Akkuyu Nükleer AŞ Üretim ve İnşaat Organizasyon Direktörü Denis Sezemin, Türkiye’nin ilk nükleer enerji santrali olan Akkuyu NGS’deki çalışmalar hakkında bilgi verdi.
Akkuyu Nükleer AŞ Üretim ve İnşaat Organizasyon Direktörü Denis Sezemin, Mersin’in Gülnar ilçesinde devam eden Türkiye’nin ilk nükleer enerji santrali olan Akkuyu NGS’deki çalışmaları açıkladı. Sezemin, önemli bir aşama olan işletmeye alma izniyle birlikte tam teşekküllü denemelere başladıklarını belirtti.
Türkiye ve uluslararası mevzuata uygunluk
Sezemin, NDK’nin, santralin ilk reaktörünün işletmeye alınması için gerekli izni vermesinin, hem Türkiye hem de uluslararası mevzuata uygunluk açısından doğru bir adım olduğunu ifade etti. Bu izinle birlikte tam kapsamlı ayarlama ve çalıştırma aşamalarına başlama fırsatı elde ettiklerini söyleyen Sezemin, teknolojik ekipmanların test edilerek santralin devreye alınma işlemine hazır hale getirileceğini vurguladı.

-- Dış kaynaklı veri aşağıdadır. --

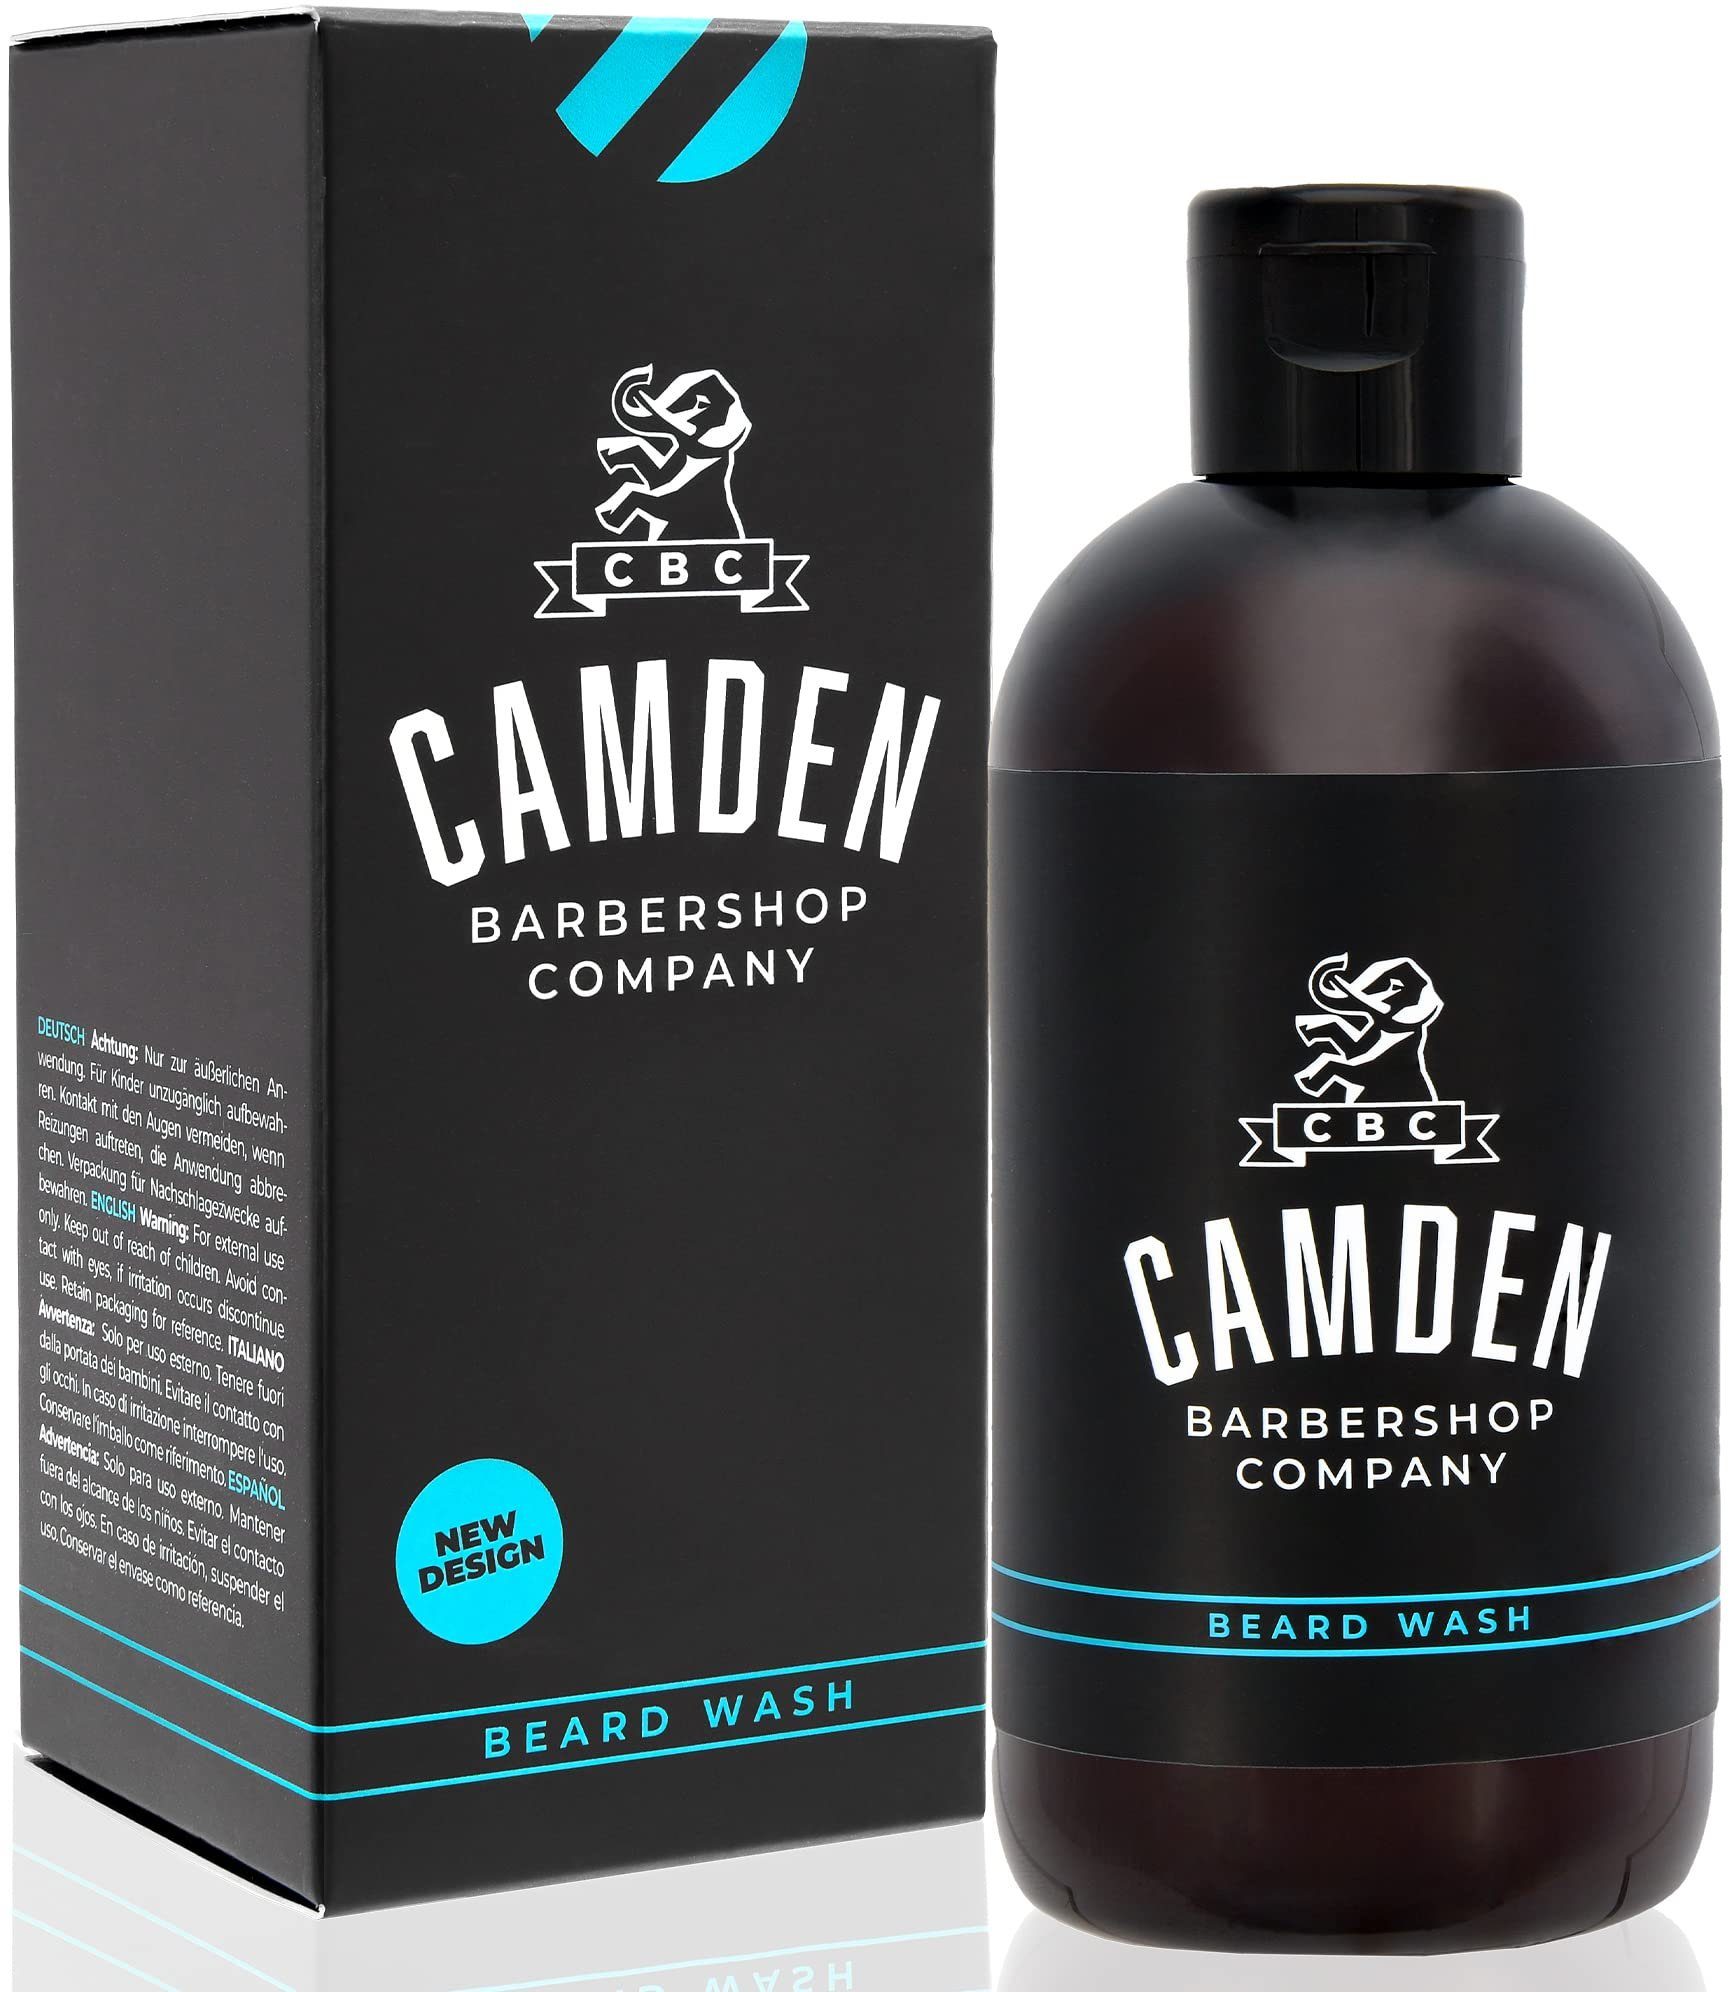 Camden Barbershop Gesichtsserum Camden Haarshampoo und Bartpflege - 250 ml, Camden 2in1 Bartshampoo - 250 ml
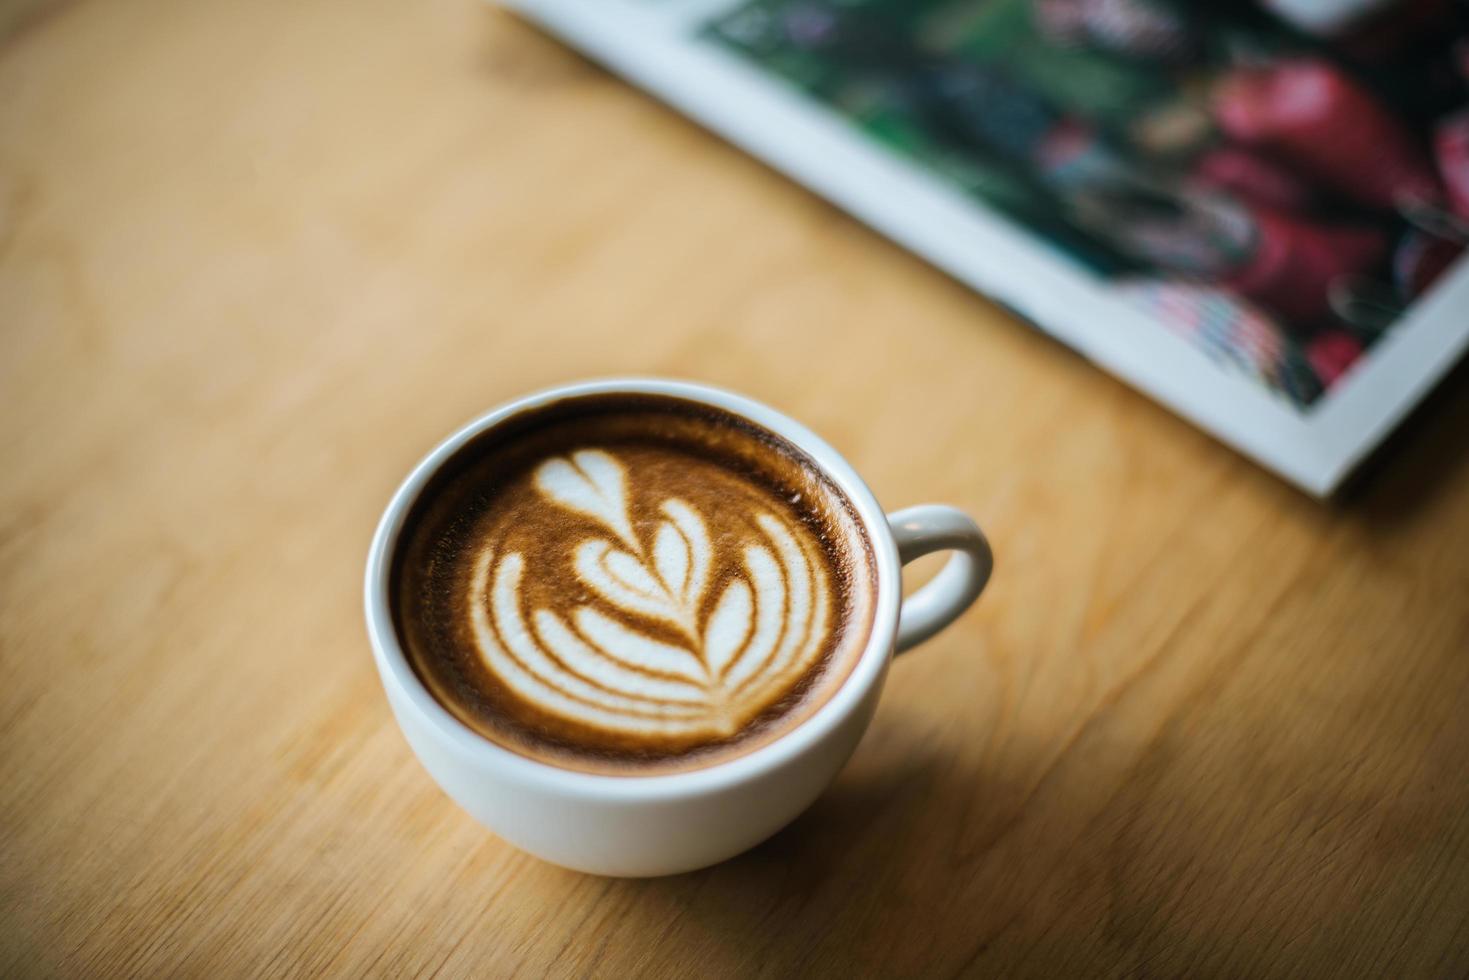 latte art em xícara de café na mesa do café foto

İnşaat çalışmaları ve kurulum süreci
Sezemin, ilk ünitenin inşaatının son aşamaya yaklaştığını belirtti. Turbo jeneratör ekipmanının kurulumunun devam ettiğini ve reaktör binasında önemli bir teknolojik işlem gerçekleştirdiklerini açıkladı. Ayrıca, reaktör içi cihazların ve kapağının test kurulumunu tamamladıklarını ve tasarım dokümantasyonuna uygunluğun tespit edildiğini söyledi.
Dünyanın en büyük nükleer inşaat sahası
Akkuyu NGS’nin dünyanın en büyük nükleer inşaat sahası olduğuna dikkat çeken Sezemin, diğer ünitelerdeki çalışmaların da planlamaya uygun bir şekilde ilerlediğini belirtti.
Türkiye’nin Elektrik İhtiyacının Yüzde 10’unu Karşılayacak
Akkuyu NGS, Türkiye ile Rusya arasında imzalanan anlaşma kapsamında inşa ediliyor. Her biri 1200 megavatlık VVER-1200 tipi “III+” nesil reaktörlü 4 üniteden oluşacak olan santral, tam kapasite devreye girdiğinde Türkiye’nin elektrik talebinin yüzde 10’unu tek başına karşılayacak.
Sıfır emisyon ve çevreye zararlı gaz salınımı olmadan elektrik üretimi
Akkuyu NGS, sıfır emisyonla çalışarak çevreye zararlı sera gazı salımı yapmadan kesintisiz elektrik üretebilecek. Bu da Türkiye’nin “2053 net sıfır emisyon” hedefine katkı sağlayacak. Santralin 60 yıl boyunca toplam 2,1 milyar ton karbon emisyonunu engellemesi bekleniyor.